#### Answer

$(a+3b)(a-3b)(a^4+9a^2b^2+81b^4)$

#### Work Step by Step

$\bf{\text{Solution Outline:}}$
To factor the given expression, $
a^6-729b^6
,$ use the factoring of the sum or difference of $2$ cubes. Then use the factoring of the difference of $2$ squares.
$\bf{\text{Solution Details:}}$
The expressions $
a^6
$ and $
729b^6
$ are both perfect cubes (the cube root is exact). Hence, $
a^6-729b^6
$ is a $\text{
difference
}$ of $2$ cubes. Using the factoring of the sum or difference of $2$ cubes, which is given by $a^3+b^3=(a+b)(a^2-ab+b^2)$ or by $a^3-b^3=(a-b)(a^2+ab+b^2)$, the expression above is equivalent to
\begin{array}{l}\require{cancel}
(a^2)^3-(9b^2)^3
\\\\=
(a^2-9b^2)[(a^2)^2+a^2(9b^2)+(9b^2)^2]
\\\\=
(a^2-9b^2)(a^4+9a^2b^2+81b^4)
.\end{array}
The expressions $
a^2
$ and $
9b^2
$ are both perfect squares (the square root is exact) and are separated by a minus sign. Hence, $
a^2-9b^2
,$ is a difference of $2$ squares.

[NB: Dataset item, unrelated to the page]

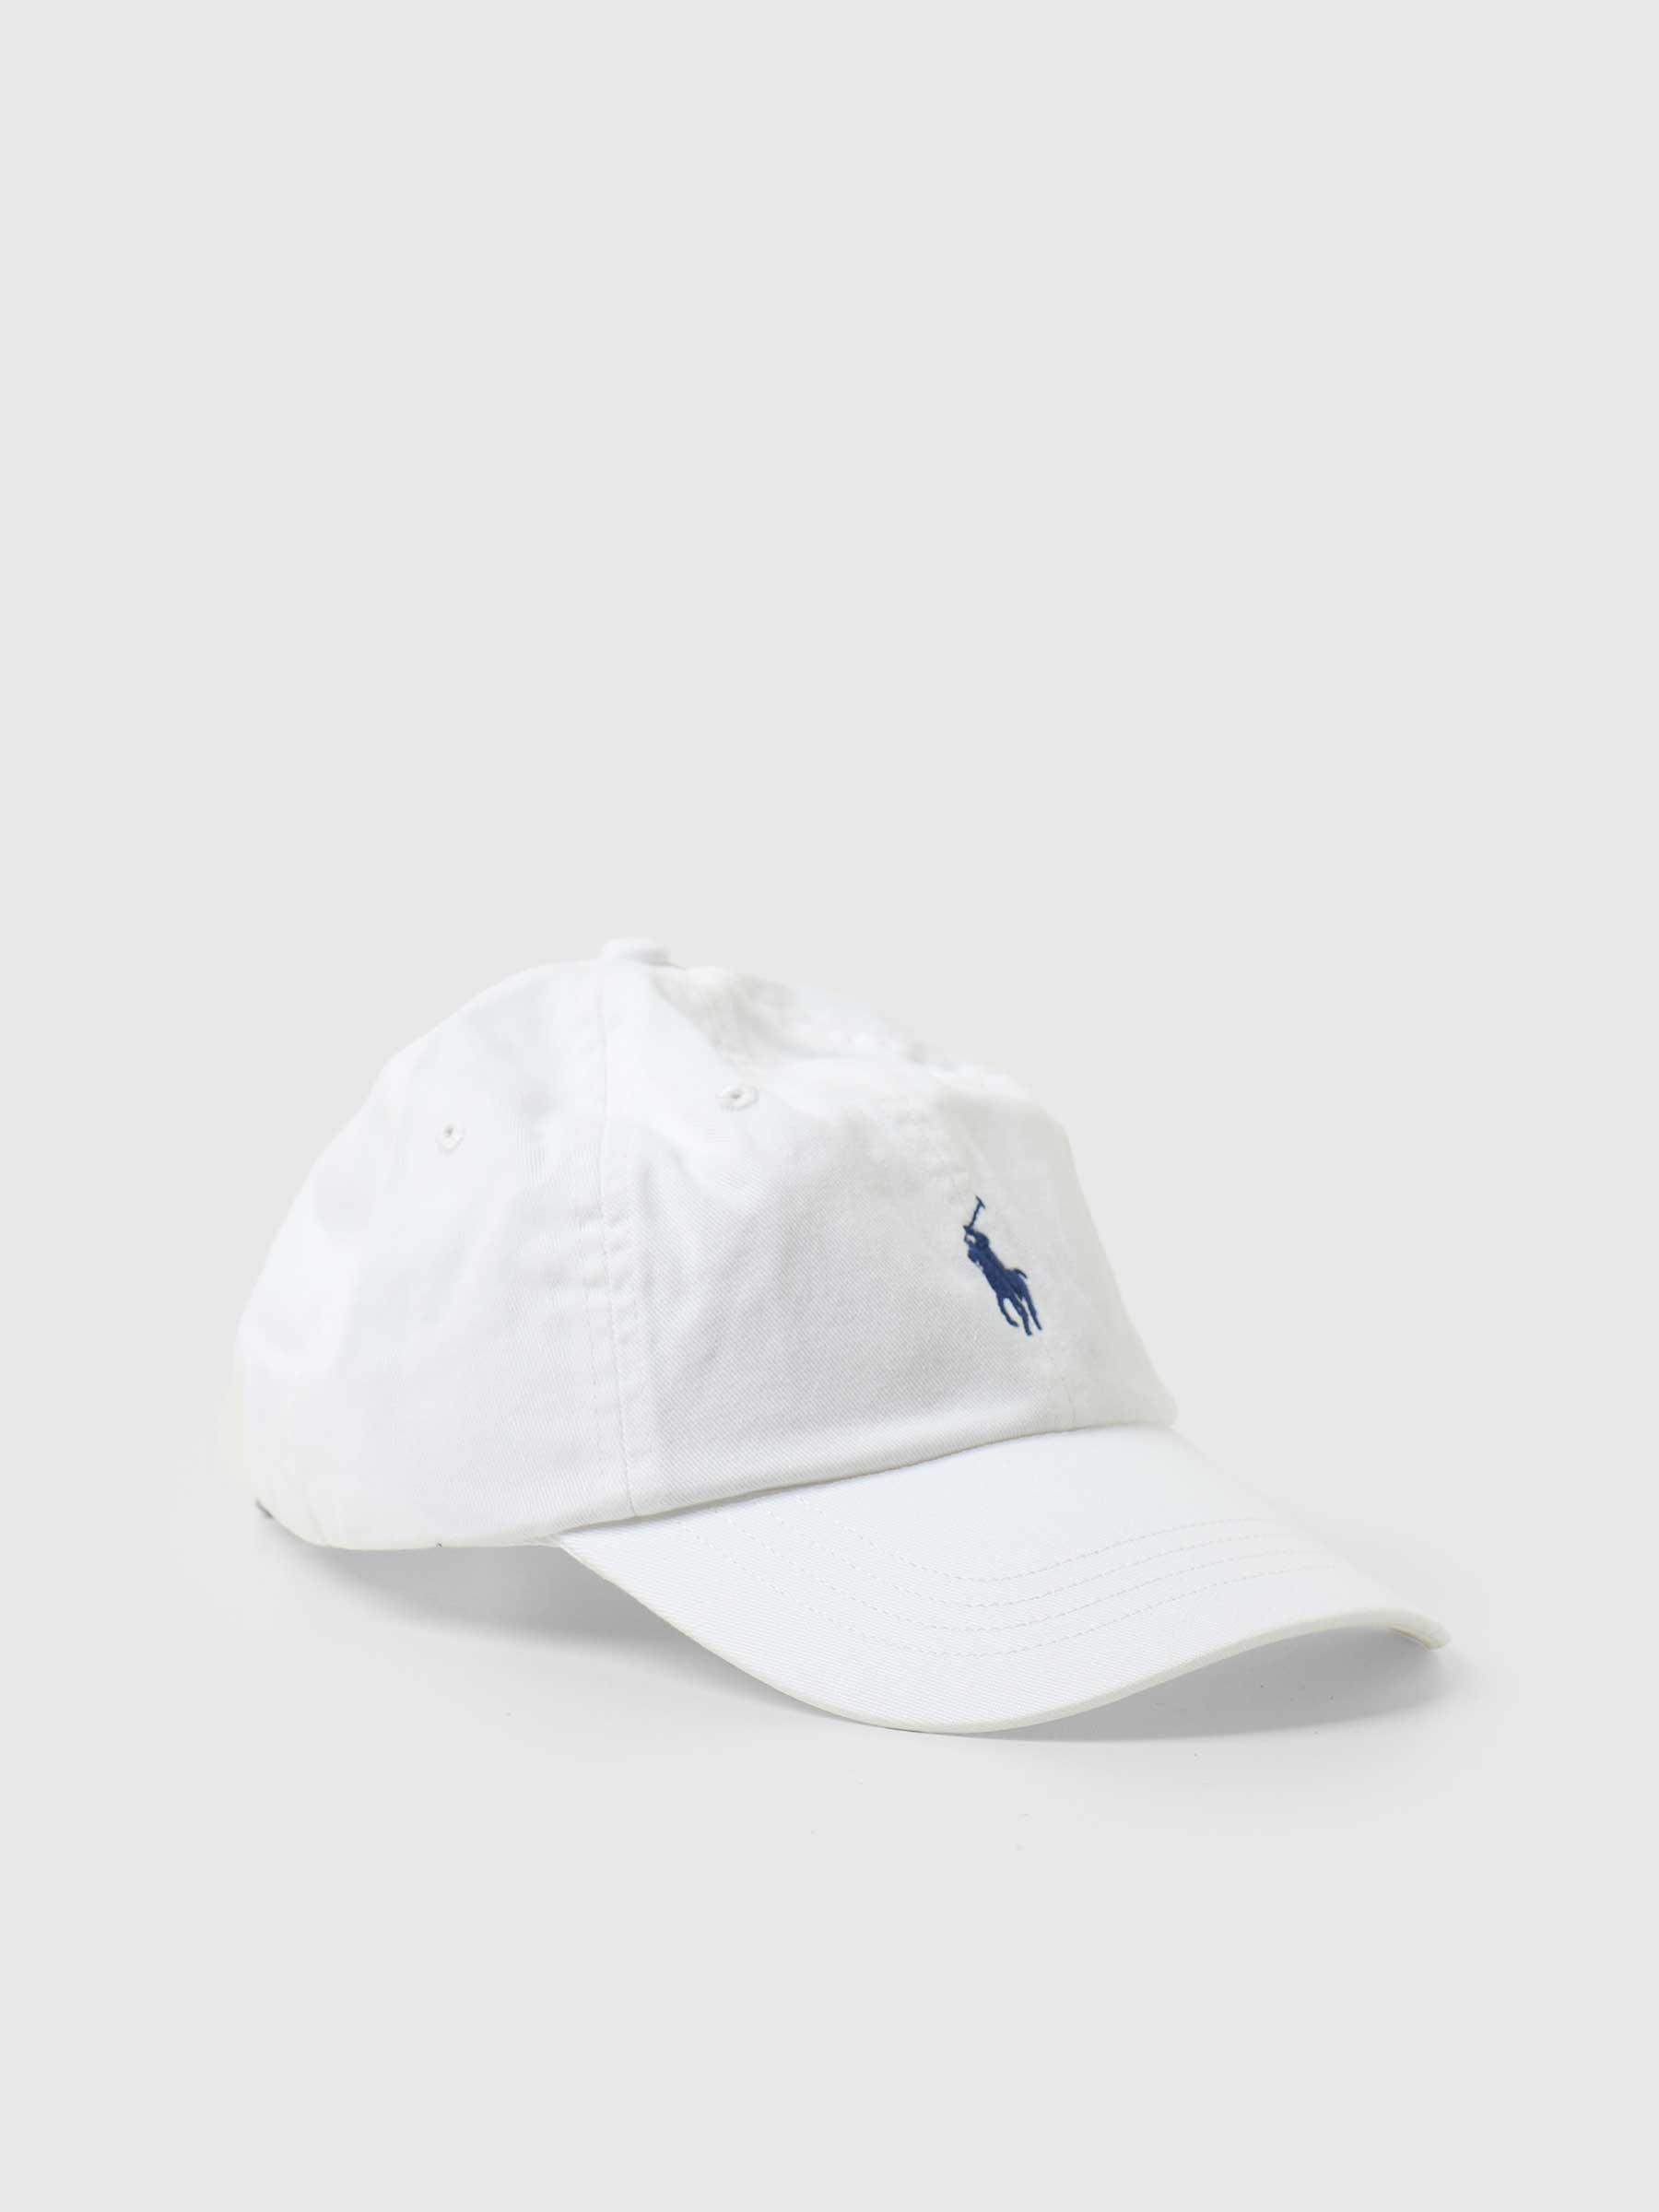 Sport Cap Hat White Marlin Blue 710548524001

Using the factoring of the difference of $2$ squares, which is given by $a^2-b^2=(a+b)(a-b),$ the expression above is equivalent to
\begin{array}{l}\require{cancel}
[(a)^2-(3b)^2](a^4+9a^2b^2+81b^4)
\\\\=
(a+3b)(a-3b)(a^4+9a^2b^2+81b^4)
.\end{array}